* _What is required_
Starting at the first line of the data below, retype every line up to and including the one containing "Sindhur_Photography_Travel_People_Holi-21.JPG".

* _Data extracted from a collection_
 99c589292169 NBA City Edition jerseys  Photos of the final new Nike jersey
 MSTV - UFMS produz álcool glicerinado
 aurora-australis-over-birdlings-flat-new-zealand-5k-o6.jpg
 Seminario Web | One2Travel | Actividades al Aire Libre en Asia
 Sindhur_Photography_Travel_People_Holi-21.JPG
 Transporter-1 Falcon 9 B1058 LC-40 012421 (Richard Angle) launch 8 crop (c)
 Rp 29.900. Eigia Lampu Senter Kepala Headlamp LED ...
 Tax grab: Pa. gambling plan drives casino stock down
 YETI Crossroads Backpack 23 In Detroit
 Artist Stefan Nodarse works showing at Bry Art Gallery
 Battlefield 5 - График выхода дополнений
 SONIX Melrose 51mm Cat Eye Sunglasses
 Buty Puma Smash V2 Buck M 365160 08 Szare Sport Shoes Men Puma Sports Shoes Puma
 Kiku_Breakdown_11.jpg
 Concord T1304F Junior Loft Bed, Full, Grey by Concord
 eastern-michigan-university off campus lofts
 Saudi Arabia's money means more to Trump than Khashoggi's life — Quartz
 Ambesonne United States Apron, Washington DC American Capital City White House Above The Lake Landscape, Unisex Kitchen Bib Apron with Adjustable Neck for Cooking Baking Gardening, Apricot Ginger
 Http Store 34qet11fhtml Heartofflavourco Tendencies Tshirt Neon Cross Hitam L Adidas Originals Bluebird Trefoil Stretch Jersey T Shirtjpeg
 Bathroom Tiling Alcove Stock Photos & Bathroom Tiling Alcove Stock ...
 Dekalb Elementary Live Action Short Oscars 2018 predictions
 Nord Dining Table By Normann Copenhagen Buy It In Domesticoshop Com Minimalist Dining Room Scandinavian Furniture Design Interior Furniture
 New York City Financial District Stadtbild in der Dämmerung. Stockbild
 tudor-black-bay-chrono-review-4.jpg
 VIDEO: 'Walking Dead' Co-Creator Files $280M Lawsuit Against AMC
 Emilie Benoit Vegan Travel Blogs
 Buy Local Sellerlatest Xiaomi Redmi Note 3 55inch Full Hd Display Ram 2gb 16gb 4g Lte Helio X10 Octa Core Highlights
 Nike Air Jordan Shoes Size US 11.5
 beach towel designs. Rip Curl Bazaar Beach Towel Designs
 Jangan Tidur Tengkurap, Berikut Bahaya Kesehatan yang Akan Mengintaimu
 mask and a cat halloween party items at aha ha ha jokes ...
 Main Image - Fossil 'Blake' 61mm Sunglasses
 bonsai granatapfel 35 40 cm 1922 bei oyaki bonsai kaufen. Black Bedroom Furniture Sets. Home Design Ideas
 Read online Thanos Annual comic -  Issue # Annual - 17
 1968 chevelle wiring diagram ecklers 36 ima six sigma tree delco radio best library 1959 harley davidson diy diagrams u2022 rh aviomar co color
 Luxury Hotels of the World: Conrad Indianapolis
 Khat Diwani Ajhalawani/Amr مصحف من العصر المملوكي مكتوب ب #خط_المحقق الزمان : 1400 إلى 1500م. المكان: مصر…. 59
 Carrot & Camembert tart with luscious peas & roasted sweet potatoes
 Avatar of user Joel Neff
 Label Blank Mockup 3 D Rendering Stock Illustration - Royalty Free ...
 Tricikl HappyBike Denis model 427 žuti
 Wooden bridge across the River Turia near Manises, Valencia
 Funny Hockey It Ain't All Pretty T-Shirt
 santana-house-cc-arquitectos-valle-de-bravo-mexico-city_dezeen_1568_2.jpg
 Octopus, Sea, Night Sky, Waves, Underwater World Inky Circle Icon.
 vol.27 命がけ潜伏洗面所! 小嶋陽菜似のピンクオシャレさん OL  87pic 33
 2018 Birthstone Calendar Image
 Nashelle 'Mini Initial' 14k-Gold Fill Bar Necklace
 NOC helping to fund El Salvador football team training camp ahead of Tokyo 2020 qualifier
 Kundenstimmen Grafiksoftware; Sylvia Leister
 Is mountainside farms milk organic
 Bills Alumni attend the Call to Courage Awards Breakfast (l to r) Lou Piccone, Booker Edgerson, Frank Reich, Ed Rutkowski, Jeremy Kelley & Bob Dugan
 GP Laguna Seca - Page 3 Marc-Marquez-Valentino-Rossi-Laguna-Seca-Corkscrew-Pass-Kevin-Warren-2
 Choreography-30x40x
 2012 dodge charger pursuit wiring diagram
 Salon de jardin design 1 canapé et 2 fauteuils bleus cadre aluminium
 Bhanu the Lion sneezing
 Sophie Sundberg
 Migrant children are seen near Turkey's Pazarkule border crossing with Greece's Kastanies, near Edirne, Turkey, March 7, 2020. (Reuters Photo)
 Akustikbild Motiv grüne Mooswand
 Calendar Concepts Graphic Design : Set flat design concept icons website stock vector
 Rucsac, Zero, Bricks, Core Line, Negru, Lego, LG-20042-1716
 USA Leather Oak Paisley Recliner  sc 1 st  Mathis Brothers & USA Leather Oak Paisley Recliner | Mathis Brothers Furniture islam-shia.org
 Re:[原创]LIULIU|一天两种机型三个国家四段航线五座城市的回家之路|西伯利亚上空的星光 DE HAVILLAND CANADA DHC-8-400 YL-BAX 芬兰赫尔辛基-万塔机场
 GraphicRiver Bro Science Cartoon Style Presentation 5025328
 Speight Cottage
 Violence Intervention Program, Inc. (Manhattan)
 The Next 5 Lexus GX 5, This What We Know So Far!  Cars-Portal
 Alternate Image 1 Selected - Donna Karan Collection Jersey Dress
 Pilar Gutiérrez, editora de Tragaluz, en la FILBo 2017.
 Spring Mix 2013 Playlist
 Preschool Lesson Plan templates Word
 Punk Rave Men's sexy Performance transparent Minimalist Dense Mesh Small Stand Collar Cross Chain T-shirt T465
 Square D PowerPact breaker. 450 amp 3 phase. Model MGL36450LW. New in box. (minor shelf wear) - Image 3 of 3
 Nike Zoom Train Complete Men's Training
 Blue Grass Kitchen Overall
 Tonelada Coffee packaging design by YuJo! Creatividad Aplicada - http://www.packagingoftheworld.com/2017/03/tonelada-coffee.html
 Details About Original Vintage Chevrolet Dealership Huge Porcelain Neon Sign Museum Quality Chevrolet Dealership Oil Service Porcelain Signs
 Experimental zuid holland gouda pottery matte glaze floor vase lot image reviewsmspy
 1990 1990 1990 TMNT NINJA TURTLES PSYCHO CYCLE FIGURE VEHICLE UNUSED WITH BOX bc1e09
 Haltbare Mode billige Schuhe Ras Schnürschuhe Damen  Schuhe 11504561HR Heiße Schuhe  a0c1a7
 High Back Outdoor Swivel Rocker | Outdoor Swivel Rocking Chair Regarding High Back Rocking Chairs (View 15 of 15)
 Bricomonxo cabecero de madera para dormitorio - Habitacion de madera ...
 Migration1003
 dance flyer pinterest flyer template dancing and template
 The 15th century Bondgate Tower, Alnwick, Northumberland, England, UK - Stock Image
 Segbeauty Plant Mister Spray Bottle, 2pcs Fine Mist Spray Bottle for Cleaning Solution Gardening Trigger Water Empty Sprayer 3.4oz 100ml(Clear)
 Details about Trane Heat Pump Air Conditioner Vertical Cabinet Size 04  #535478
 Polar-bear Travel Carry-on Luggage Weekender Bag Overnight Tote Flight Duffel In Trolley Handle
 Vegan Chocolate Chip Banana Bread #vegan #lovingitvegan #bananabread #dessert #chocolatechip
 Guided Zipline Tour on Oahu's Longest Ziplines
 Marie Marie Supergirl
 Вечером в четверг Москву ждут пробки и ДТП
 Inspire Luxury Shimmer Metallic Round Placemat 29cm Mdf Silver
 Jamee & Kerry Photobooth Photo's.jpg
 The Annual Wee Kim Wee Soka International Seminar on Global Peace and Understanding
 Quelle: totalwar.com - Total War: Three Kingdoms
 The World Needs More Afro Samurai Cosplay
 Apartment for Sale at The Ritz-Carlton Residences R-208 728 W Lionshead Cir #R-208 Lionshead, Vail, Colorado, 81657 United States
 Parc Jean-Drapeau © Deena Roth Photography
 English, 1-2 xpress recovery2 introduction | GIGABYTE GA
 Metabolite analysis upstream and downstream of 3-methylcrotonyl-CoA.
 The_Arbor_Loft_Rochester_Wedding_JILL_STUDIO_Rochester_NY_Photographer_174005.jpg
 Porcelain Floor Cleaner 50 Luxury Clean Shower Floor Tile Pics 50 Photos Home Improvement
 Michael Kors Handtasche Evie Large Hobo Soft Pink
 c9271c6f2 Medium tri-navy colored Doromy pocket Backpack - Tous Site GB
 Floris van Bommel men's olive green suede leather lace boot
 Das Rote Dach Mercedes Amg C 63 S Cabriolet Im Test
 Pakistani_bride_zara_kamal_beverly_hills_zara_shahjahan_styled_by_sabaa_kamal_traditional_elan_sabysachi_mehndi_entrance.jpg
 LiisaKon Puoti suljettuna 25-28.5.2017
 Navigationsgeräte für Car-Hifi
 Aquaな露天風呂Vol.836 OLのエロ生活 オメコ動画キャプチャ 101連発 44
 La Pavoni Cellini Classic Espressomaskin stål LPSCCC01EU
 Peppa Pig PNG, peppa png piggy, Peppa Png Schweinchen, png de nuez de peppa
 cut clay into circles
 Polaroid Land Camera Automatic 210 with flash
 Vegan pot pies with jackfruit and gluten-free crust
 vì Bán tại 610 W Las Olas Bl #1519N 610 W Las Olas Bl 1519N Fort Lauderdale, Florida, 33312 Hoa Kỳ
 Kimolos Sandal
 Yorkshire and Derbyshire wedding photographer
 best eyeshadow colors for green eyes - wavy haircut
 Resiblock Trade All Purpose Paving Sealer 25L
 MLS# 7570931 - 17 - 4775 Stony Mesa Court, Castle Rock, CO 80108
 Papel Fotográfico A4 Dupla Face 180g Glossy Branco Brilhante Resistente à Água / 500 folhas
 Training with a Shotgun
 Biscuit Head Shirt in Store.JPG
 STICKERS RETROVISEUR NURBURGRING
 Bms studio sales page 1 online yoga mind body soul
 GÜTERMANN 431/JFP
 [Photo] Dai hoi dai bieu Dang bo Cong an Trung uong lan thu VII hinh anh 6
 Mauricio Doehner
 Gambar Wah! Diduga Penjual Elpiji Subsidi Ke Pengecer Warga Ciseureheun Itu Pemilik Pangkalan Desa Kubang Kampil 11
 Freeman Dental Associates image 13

* _Written solution_
 99c589292169 NBA City Edition jerseys  Photos of the final new Nike jersey
 MSTV - UFMS produz álcool glicerinado
 aurora-australis-over-birdlings-flat-new-zealand-5k-o6.jpg
 Seminario Web | One2Travel | Actividades al Aire Libre en Asia
 Sindhur_Photography_Travel_People_Holi-21.JPG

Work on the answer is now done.